Copying objects style questions

Alex Martelli aleax at aleax.it
Wed Aug 6 06:23:16 EDT 2003


Bob Halley wrote:
   ...
> I can't use copy.copy()'s default behavior, because it is too shallow.
> I don't want to use copy.deepcopy() because it's too deep.  I

So far, so perfectly clear.

> contemplated __copy__, __initargs__, __getstate__, and __setstate__,
> but they didn't seem to fit the bill, or seemed more complicated than
> the solution I ended up with (see below).

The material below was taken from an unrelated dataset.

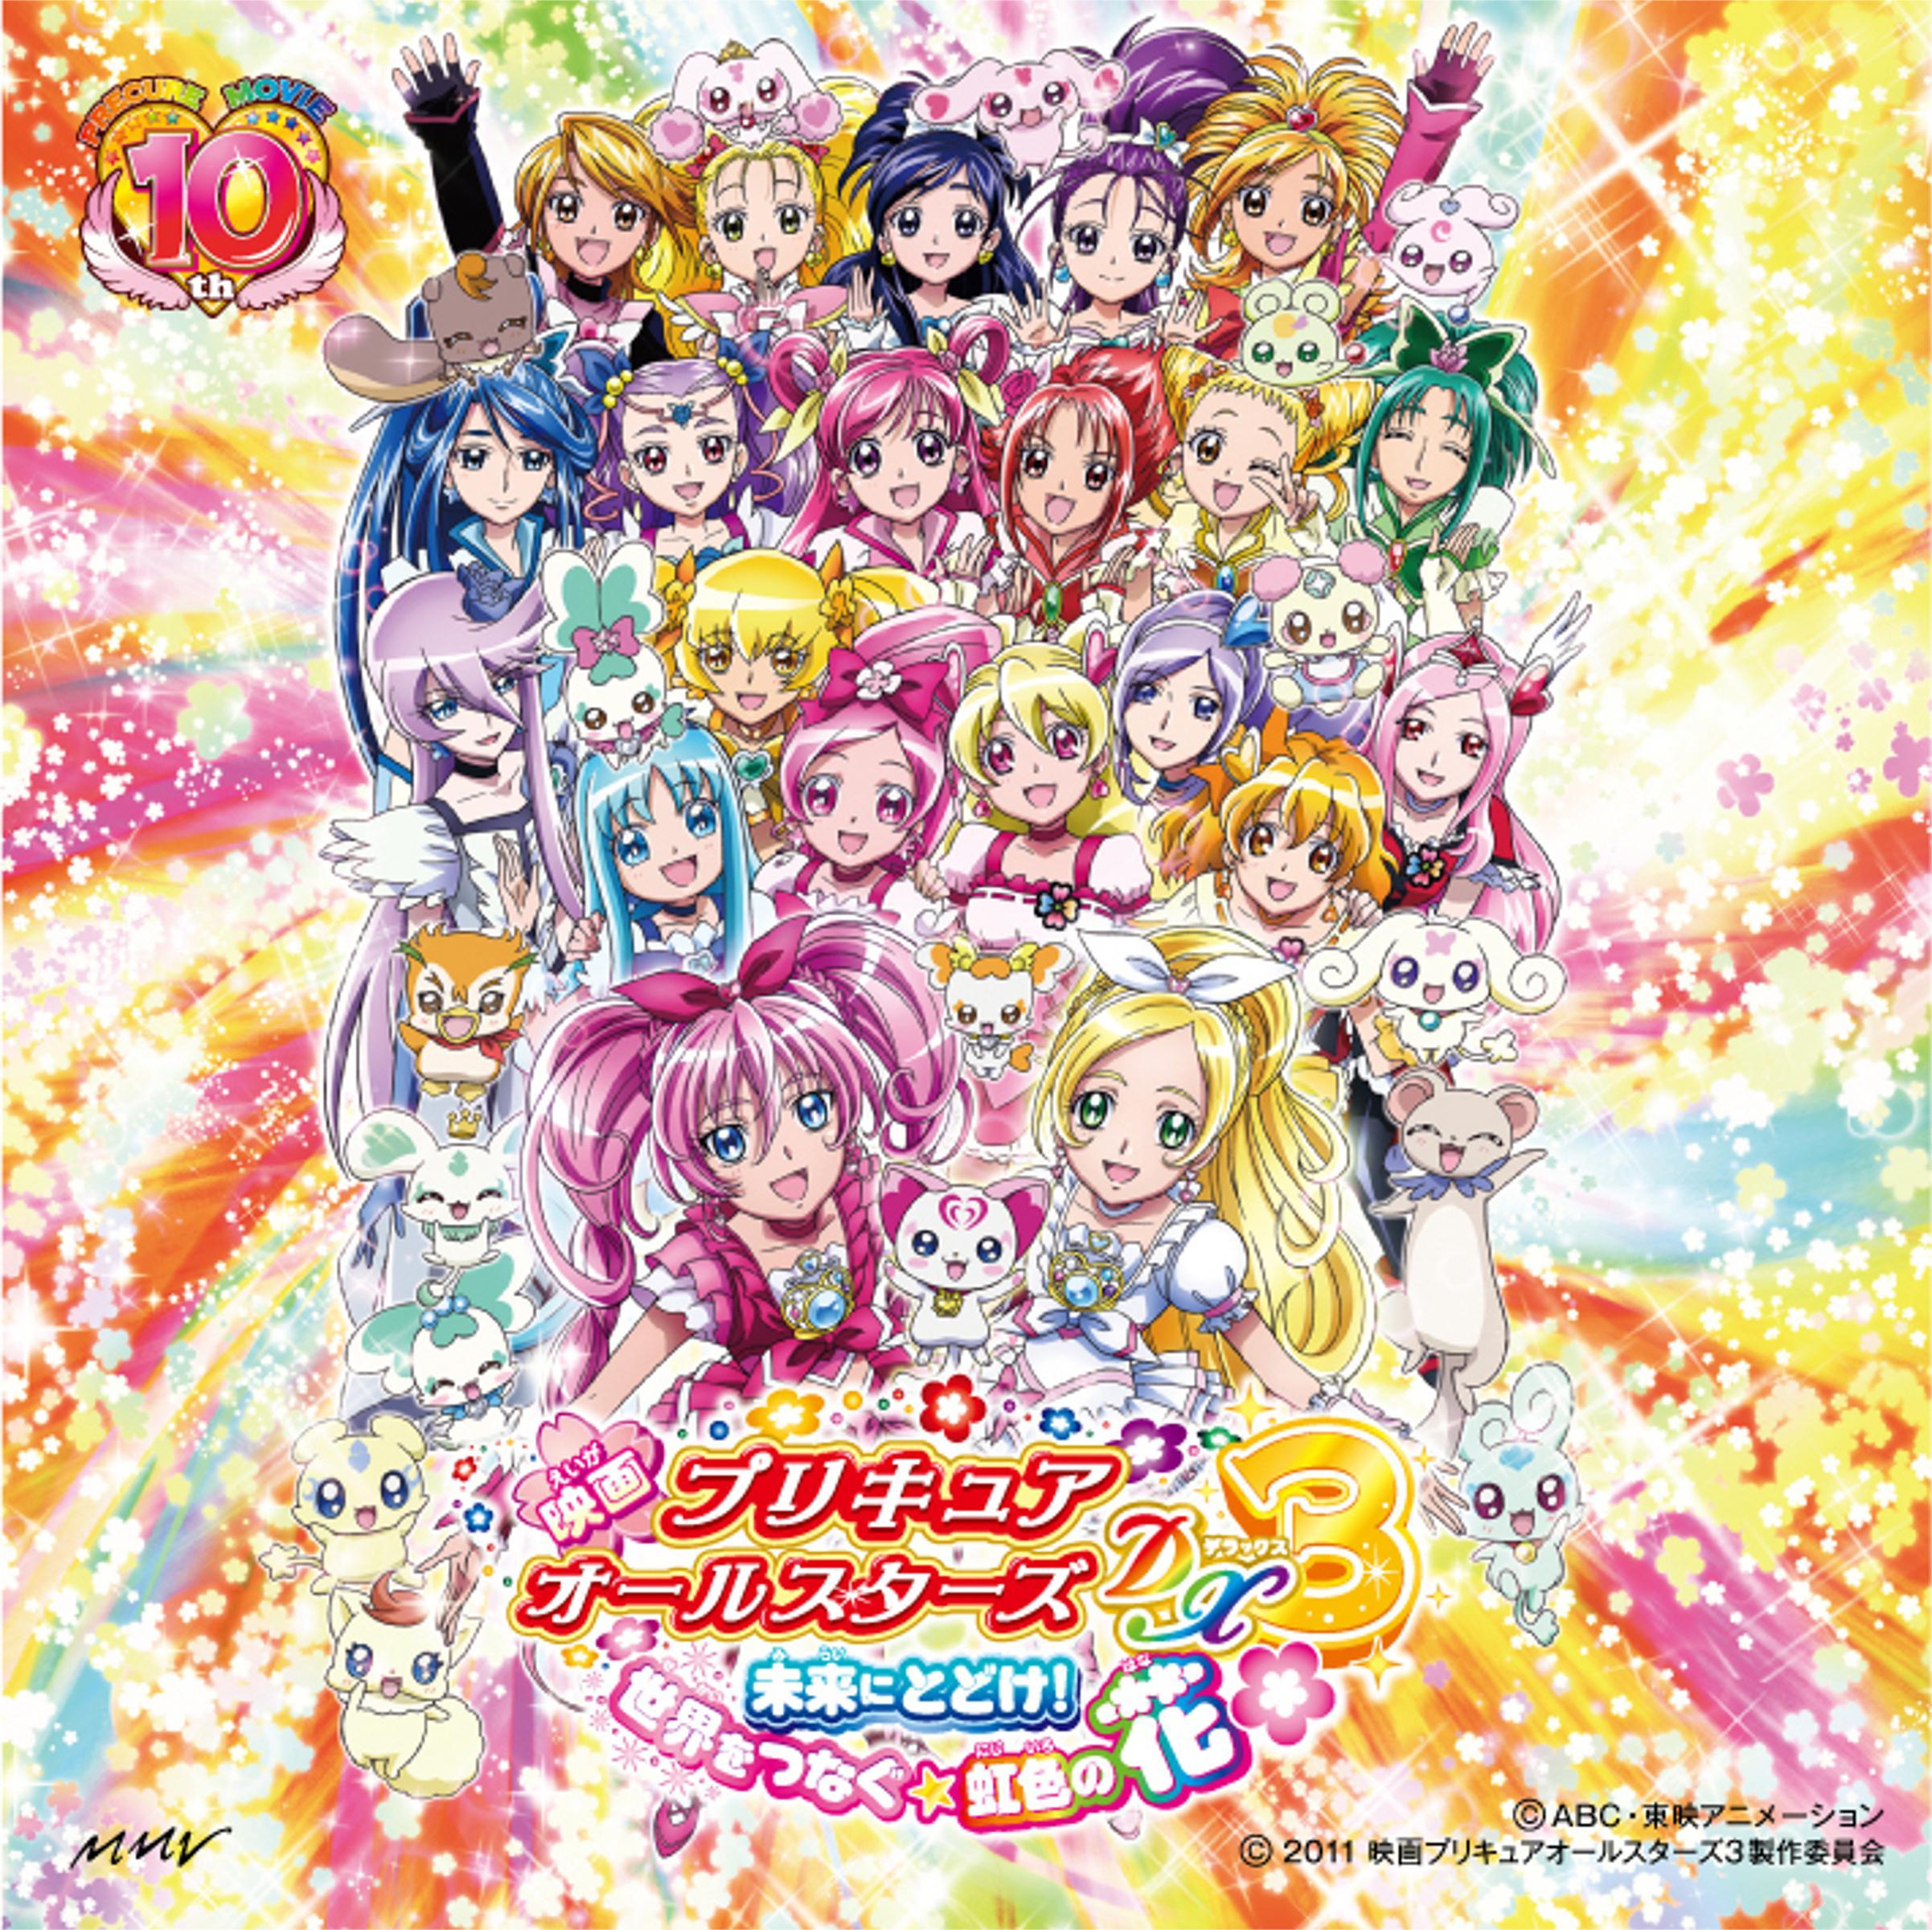 Pretty Cure All Stars DX 3: Mirai ni Todoke! Sekai wo Tsunagu☆Niji-Iro no Hana! Theme Song Single

I don't understand this.  What's wrong with, e.g.:

def __copy__(self):
    class EmptyClass: pass
    obj = EmptyClass()
    obj.__class__ = self.__class__
    obj.__dict__.update(self.__dict__)
    obj.items = list(self.items)
    return obj

???  It seems simpler and more automatic than your 'copy protocol';
subclasses don't need to do anything special unless they need to
"deepen" the copy of some of their attributes.  Btw, if you're
using new-style classes, you'll want to use object instead of
EmptyClass, or start with obj = self.__class__.new(self.__class__)
as you're doing in your protocol, of course -- but the key idea
is "bulk copy all that's in self's __dict__, then special-case
only what little needs to be specialcased".  And doing it in a
method called __copy__ means any user of your class needs not
learn about a new copy protocol but rather just uses copy.copy.

It may be that I'm not correctly understanding your issues, of
course, but I hope these suggestions can help.